INPUT MATERIAL -
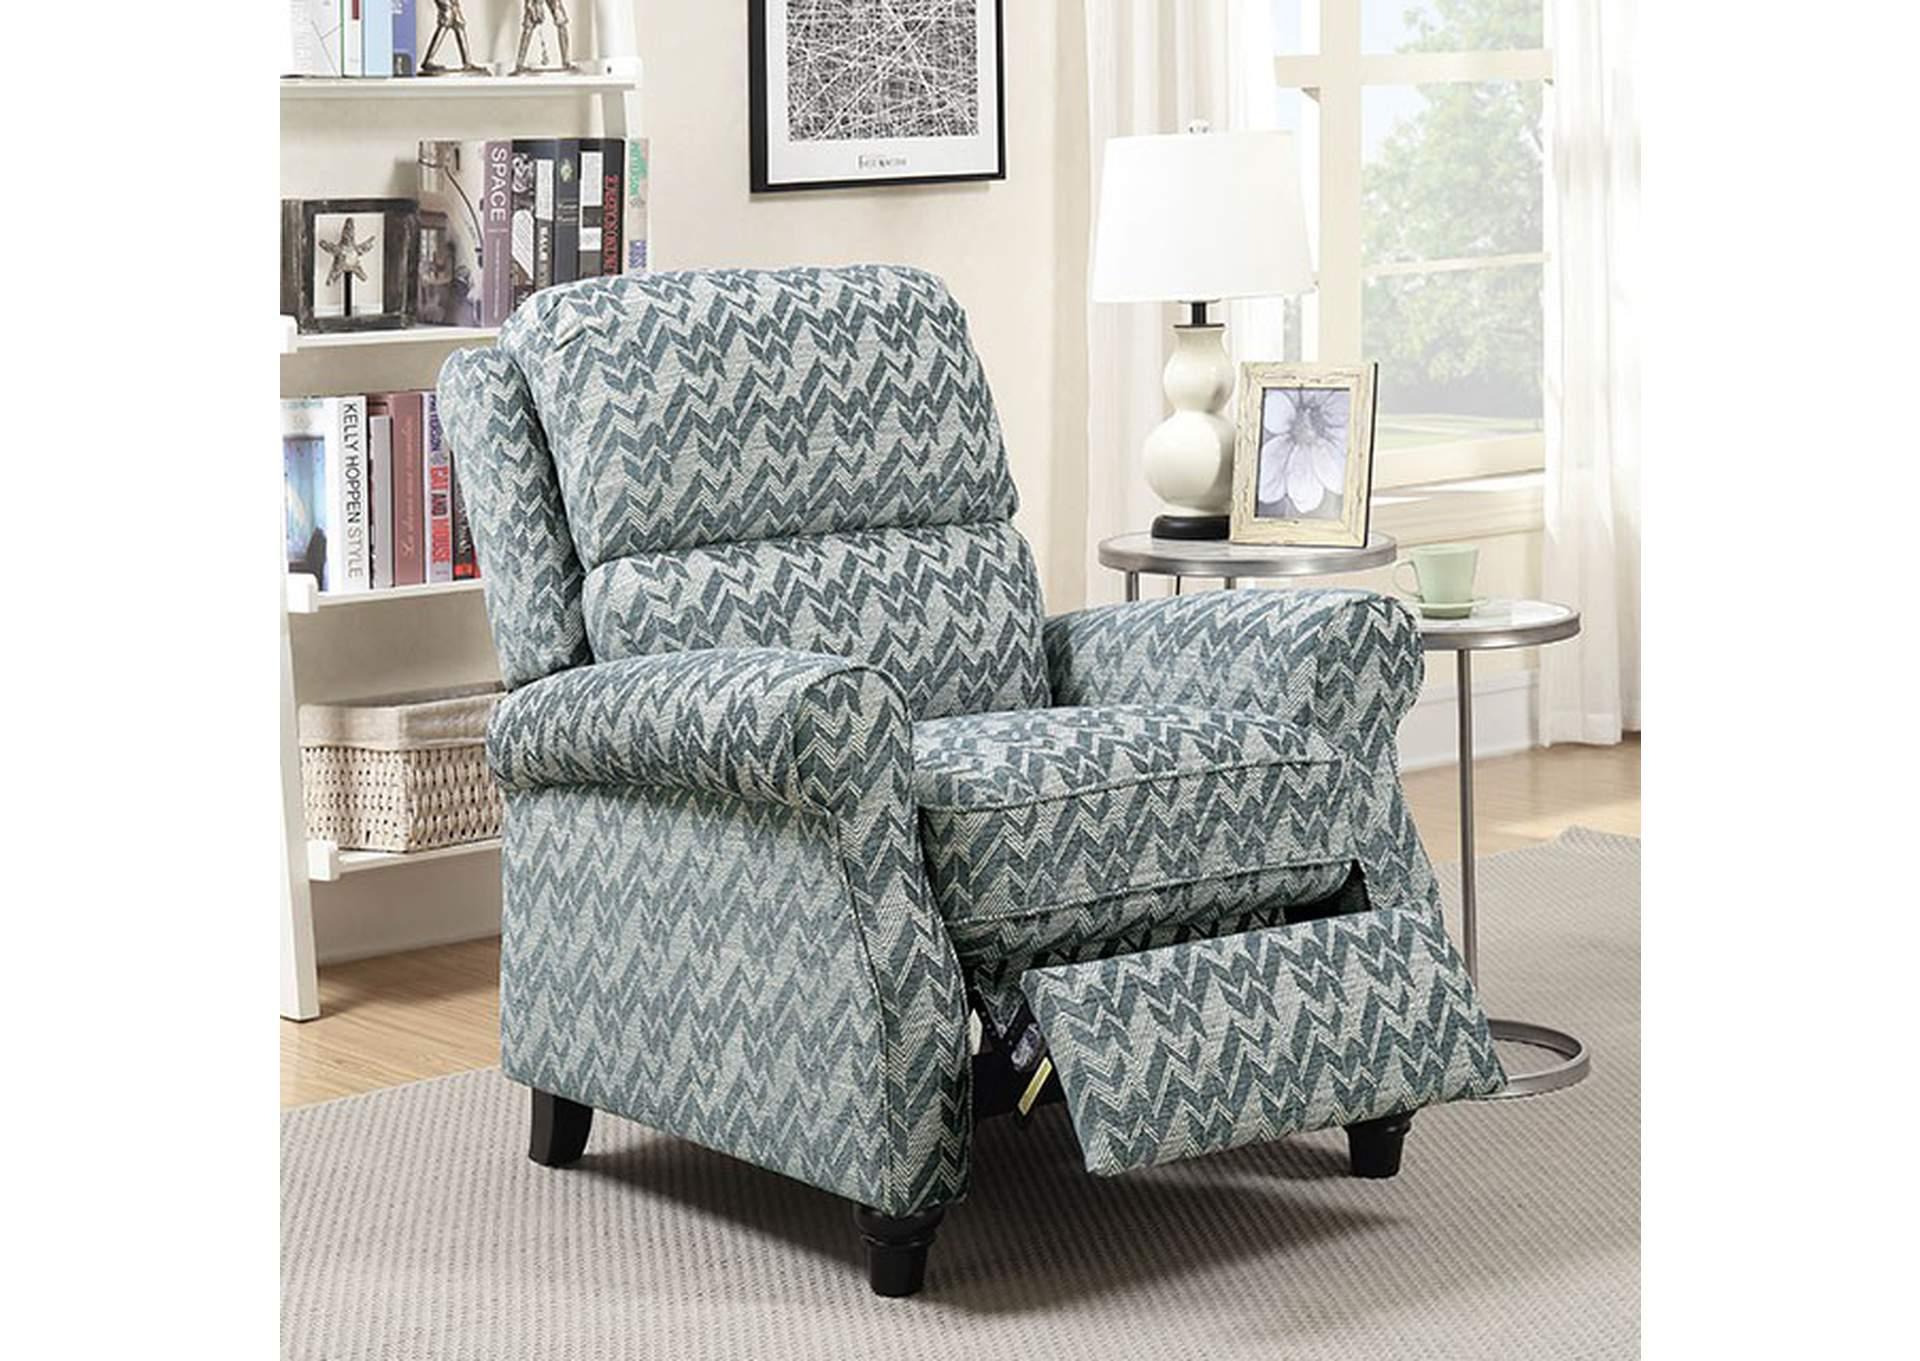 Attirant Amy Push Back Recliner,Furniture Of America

==

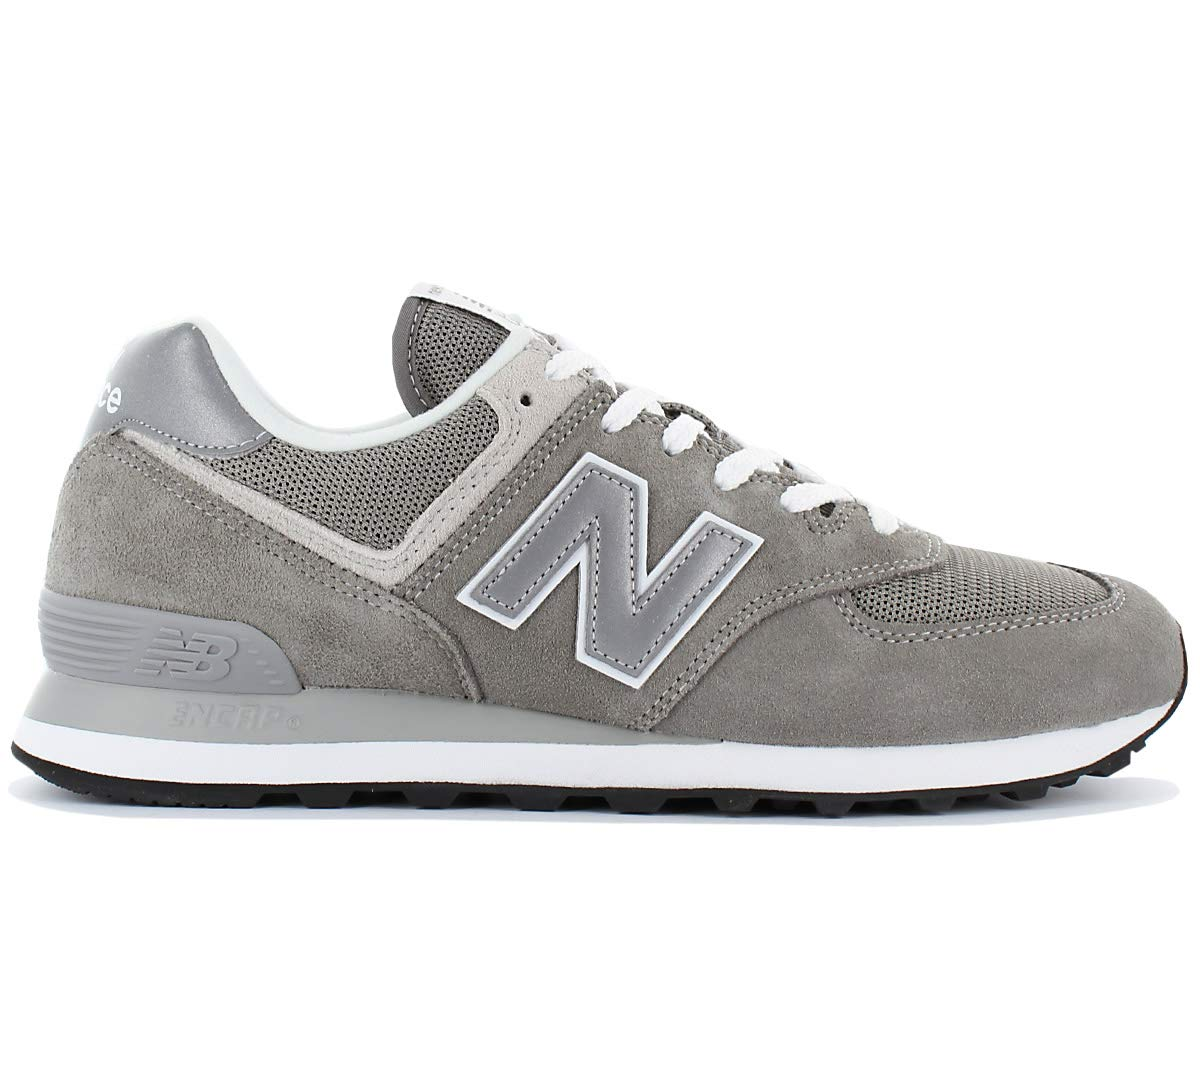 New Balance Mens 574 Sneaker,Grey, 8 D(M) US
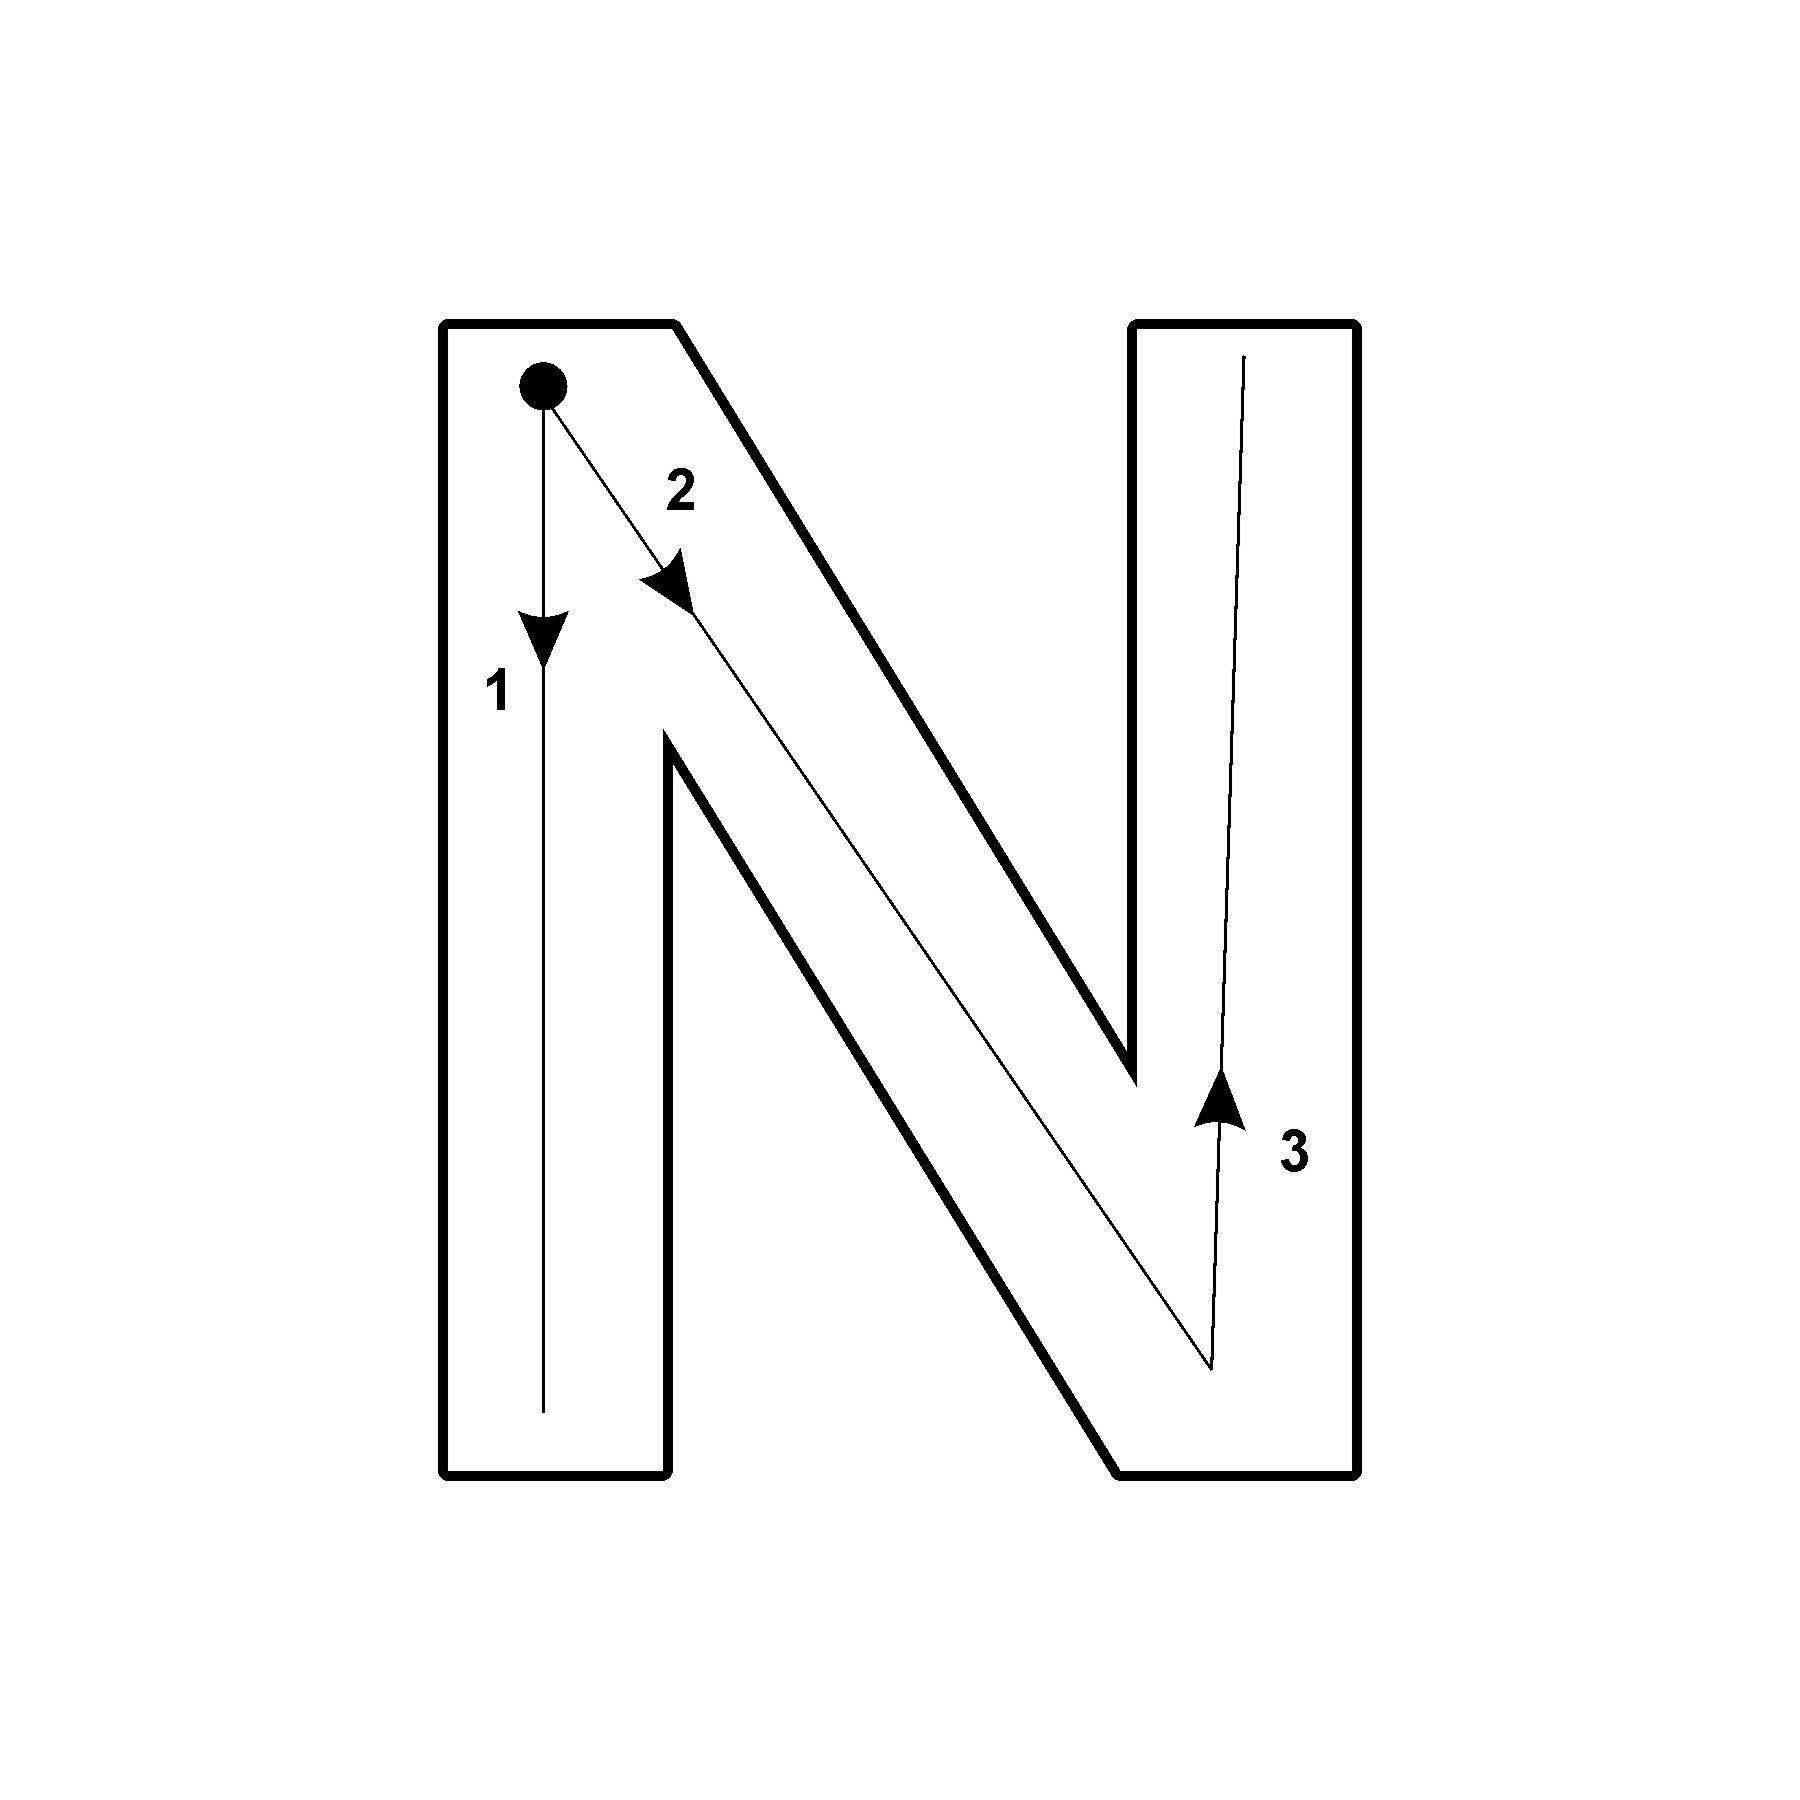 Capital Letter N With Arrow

ASSIGNED TASK -
Print, exactly, each line above from the one with "New Balance Mens 574 Sneaker,Grey, 8 D(M) US" to the one with "Capital Letter N With Arrow", end lines included. Leave pictures out of it.

TASK SOLUTION -
 New Balance Mens 574 Sneaker,Grey, 8 D(M) US
 Capital Letter N With Arrow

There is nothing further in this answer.